Die 20-Punkte-Abnahme: dein Listing vor dem Livegang
- Du hast einen wiederholbaren Abnahme-Prozess für jedes neue Listing.
- Du prüfst in der richtigen Umgebung: am Handy, im Inkognito-Modus.
- Du fängst die Fehler, die nach dem Livegang teuer werden.
- Du kennst die zwei Checks, die NACH dem Livegang folgen müssen.
Der ganze Listing-Track in einer Prüfliste: Vor dem Livegang gehst du diese 20 Punkte durch — konzentriert, am Handy, mit den Augen eines skeptischen Käufers. Jeder Punkt verlinkt die Lektion, falls du nachschärfen musst. Fehler kosten VOR dem Livegang zehn Minuten — danach kosten sie Launch-Sichtbarkeit, Werbegeld und Bewertungen.
1A — Auffindbarkeit
- 1. Titel nach Formel, maximal 75 Zeichen (Regel seit Juli 2026), Item Highlights gefüllt (L2).

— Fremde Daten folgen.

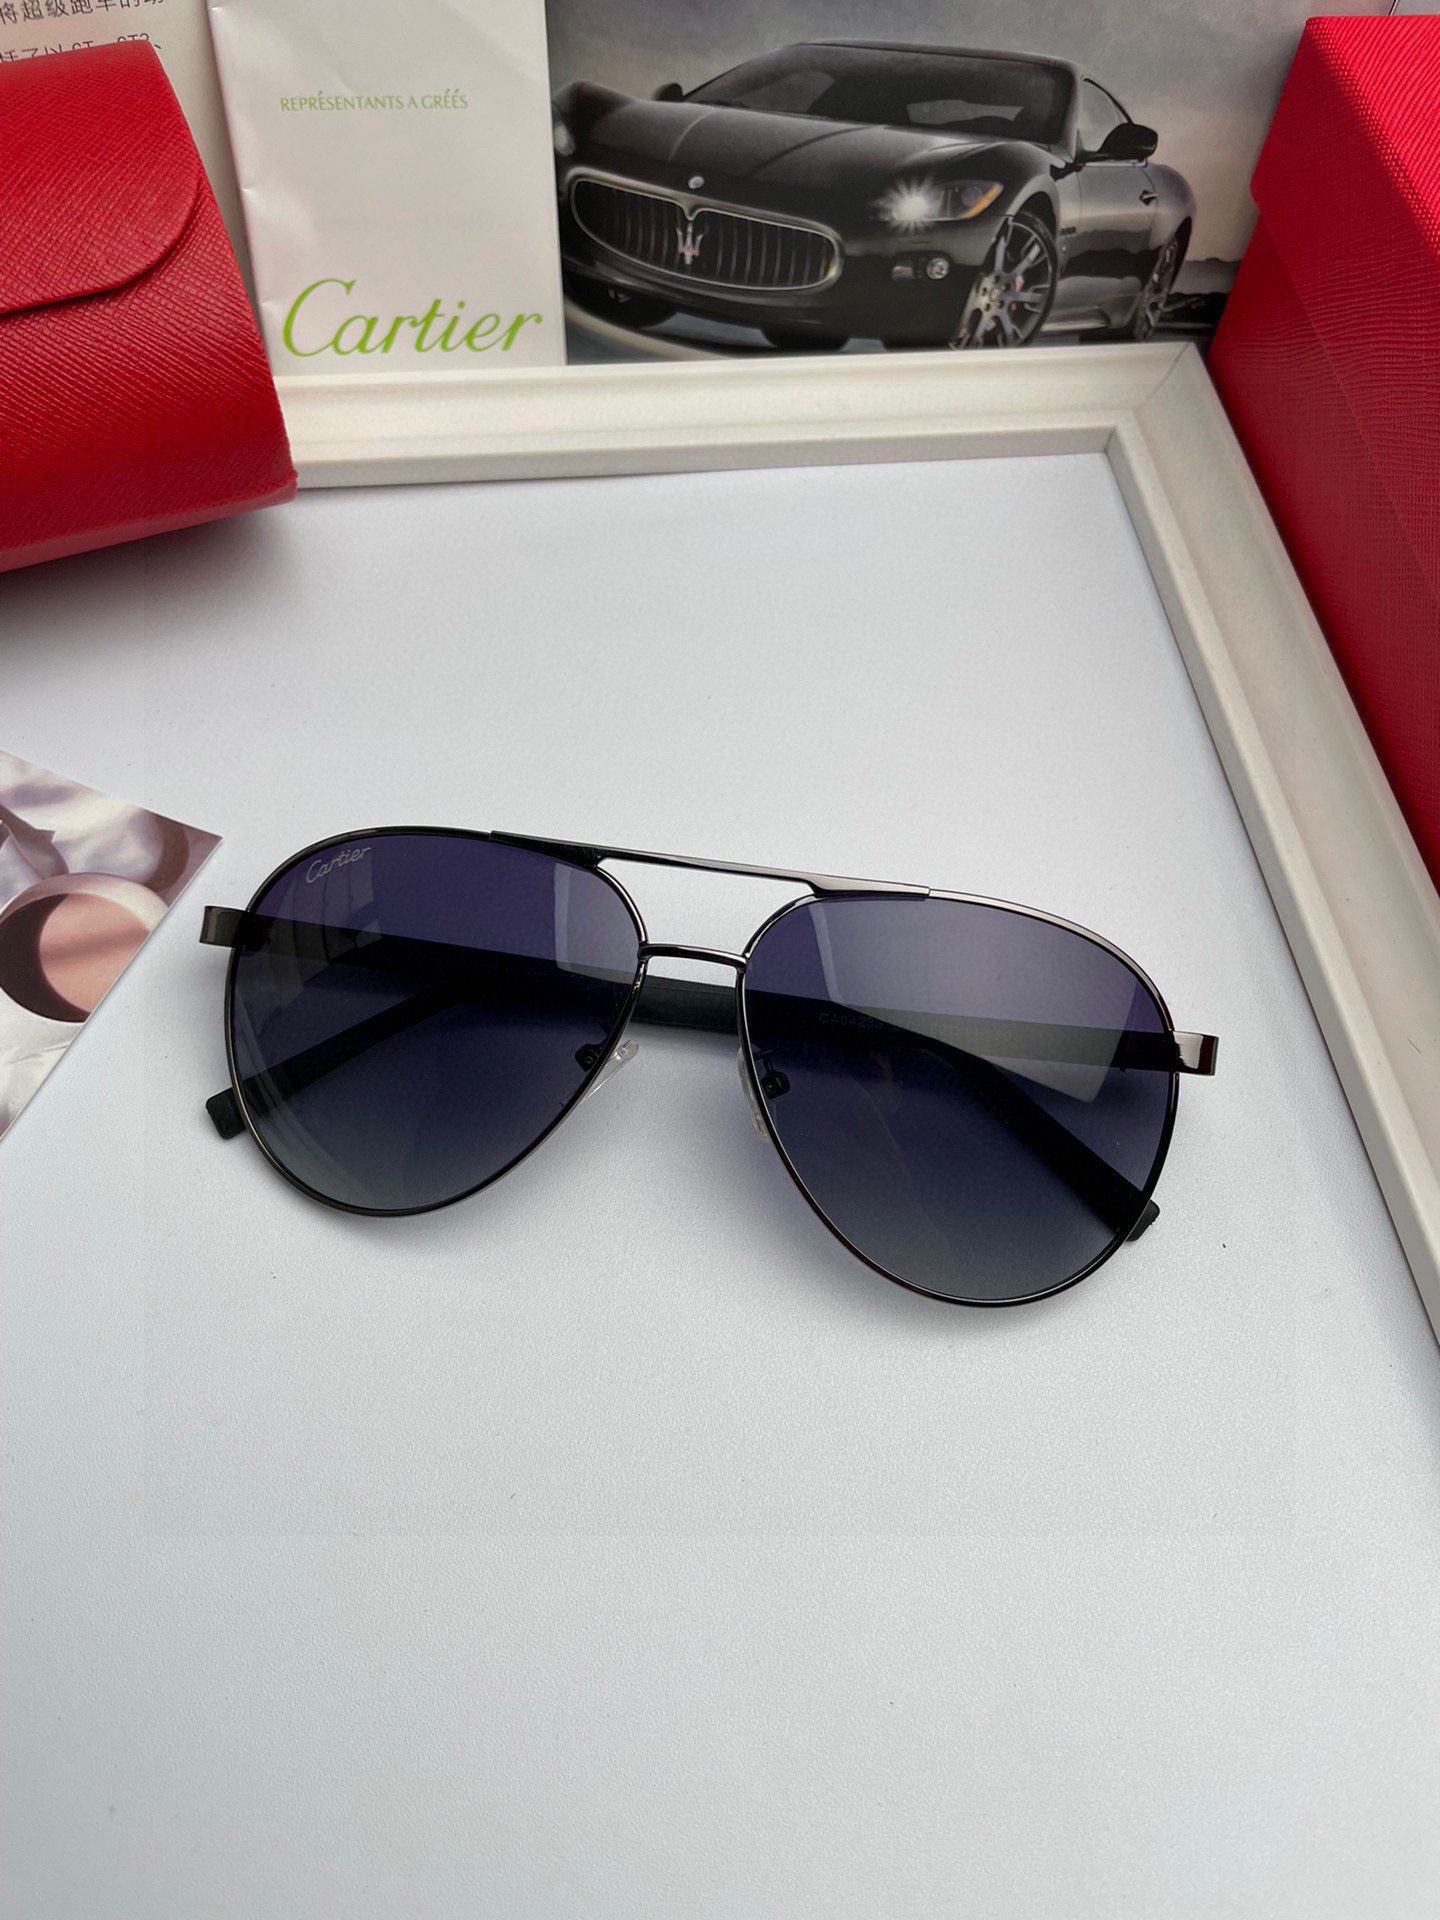 新款品牌卡地亚Cartier原单品质男士女士同款偏光太阳镜️材质高清尼龙镜片金属合金logo镜腿看细节就

- 2. Backend-Keywords sinnvoll gefüllt (konservativ unter 200, höchstens 249 Bytes) — ohne Titel-Duplikate, ohne Fremdmarken (L4).
- 3. Kategorie/Browse Node korrekt gewählt (falsche Kategorie = falscher BSR, falsche Filter, falsches Publikum).
- 4. Alle strukturierten Attribut-Felder gefüllt — Material, Maße, Eigenschaften (L8).
Backend-Check am AURELO Gewürzmühlen-Set: Das Feld ist mit 196 Bytes gut gefüllt (konservativer 200-Byte-Korridor) — aber „gewürzmühle“ und „edelstahl“ stehen schon im Titel. Beide raus (samt Leerzeichen rund 24 Bytes frei), dafür „pfeffermühle“ und „salzmühle“ rein: gleicher Platz, zwei zusätzliche Suchwege ins Listing. Und daran denken: Umlaute zählen 2 Bytes — „gewürzmühle“ belegt also 13 Bytes, nicht 11.
2B — Bilder
- 5. Hauptbild: reinweiß (RGB 255,255,255), ~85 % Füllung, 1.600+ px, null Text (L5).
- 6. Mindestens 6 Bilder, jedes mit klarem Job — Bild 2 beantwortet den größten Kaufzweifel (L6).
- 7. Infografiken bestehen den Daumen-Test (mobil lesbar, max. 3–5 Aussagen).
- 8. Maßbild mit Alltagsreferenz vorhanden.
- 9. Lieferumfang/Set vollständig abgebildet — es wird exakt gezeigt, was ankommt.
3C — Texte
- 10. Fünf Bullets = fünf verschiedene Kauffragen (Nutzen, Beweis, Anwendung, Lieferumfang, Vertrauen) (L3).
- 11. Überall Nutzen vor Eigenschaft, Zahlen statt Adjektive.
- 12. Beschreibung komplett — mit Einsatzszenarien und ehrlicher Abgrenzung (L4).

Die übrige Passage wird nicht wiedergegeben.